I think we should consider such reduction as it can simplify the code a lot and get us rid of synchronization in many places.

comment:3 Changed 7 months ago by zzz

This is good stuff. I will be able to help out in a few weeks. Both transports were written by jrandom on Java 4, predating Java 5 concurrent libs, then converted to concurrent by me and updated over the years with your help.

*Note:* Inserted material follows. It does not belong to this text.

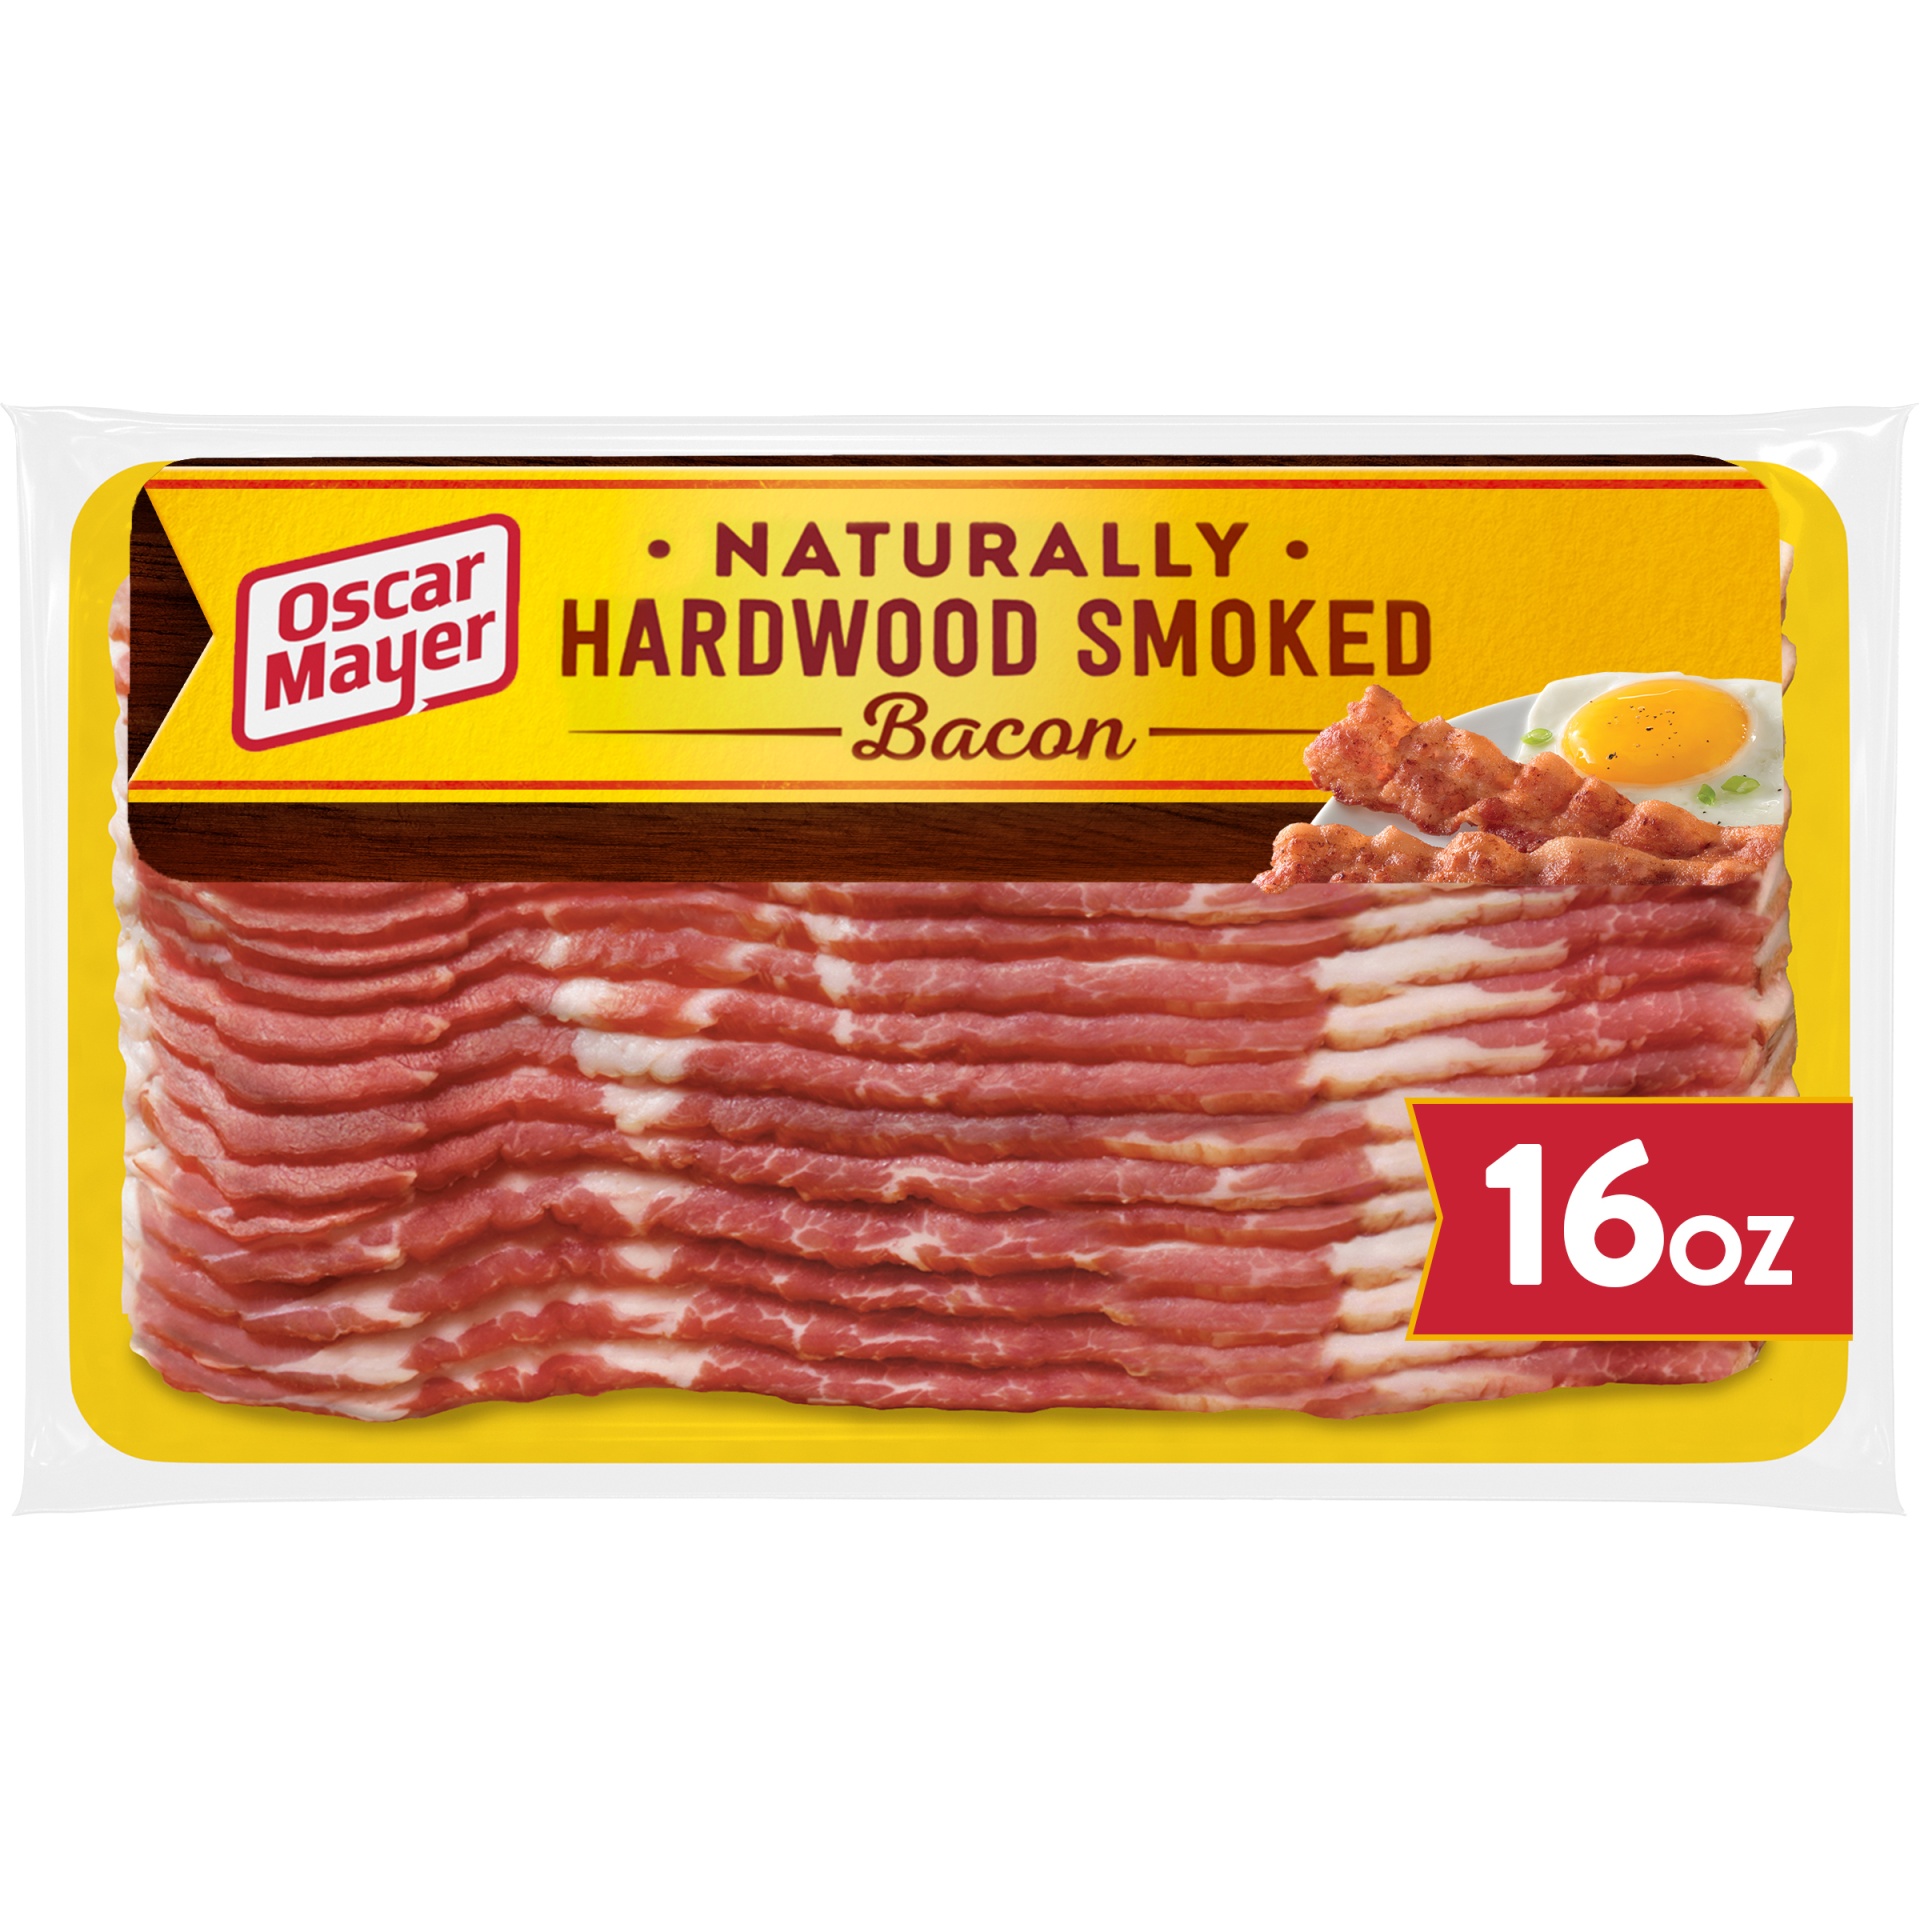 slide 1 of 12, Oscar Mayer Naturally Hardwood Smoked Bacon Pack, 17-19 slices, 16 oz

As I briefly said in comment 1 above, the threads may be more for potential blocking than speed. Testing on a modern, fast, and busy router is a good start but there's more to be considered, especially blocking issues. Quick checklist to be researched for each pool:

  • Why created - speed or blocking? Wild guess or good reasons?
  • History of thread count changes and why
  • Any crypto or other expensive operations in the thread?
  • Blocking / contention possibilities in the thread
  • Average / max time for single run on slow platform e.g. RPi 2
  • Does the thread stay local in the particular transport or can it "push through" a message through the entire router, potentially back to this or the other transport (read ... router ... write)
  • Potential for deadlocks or effective deadlock (thread exhaustion) if we reduce to single thread
  • Do we want more threads for slow platforms, fast platforms, both, or neither?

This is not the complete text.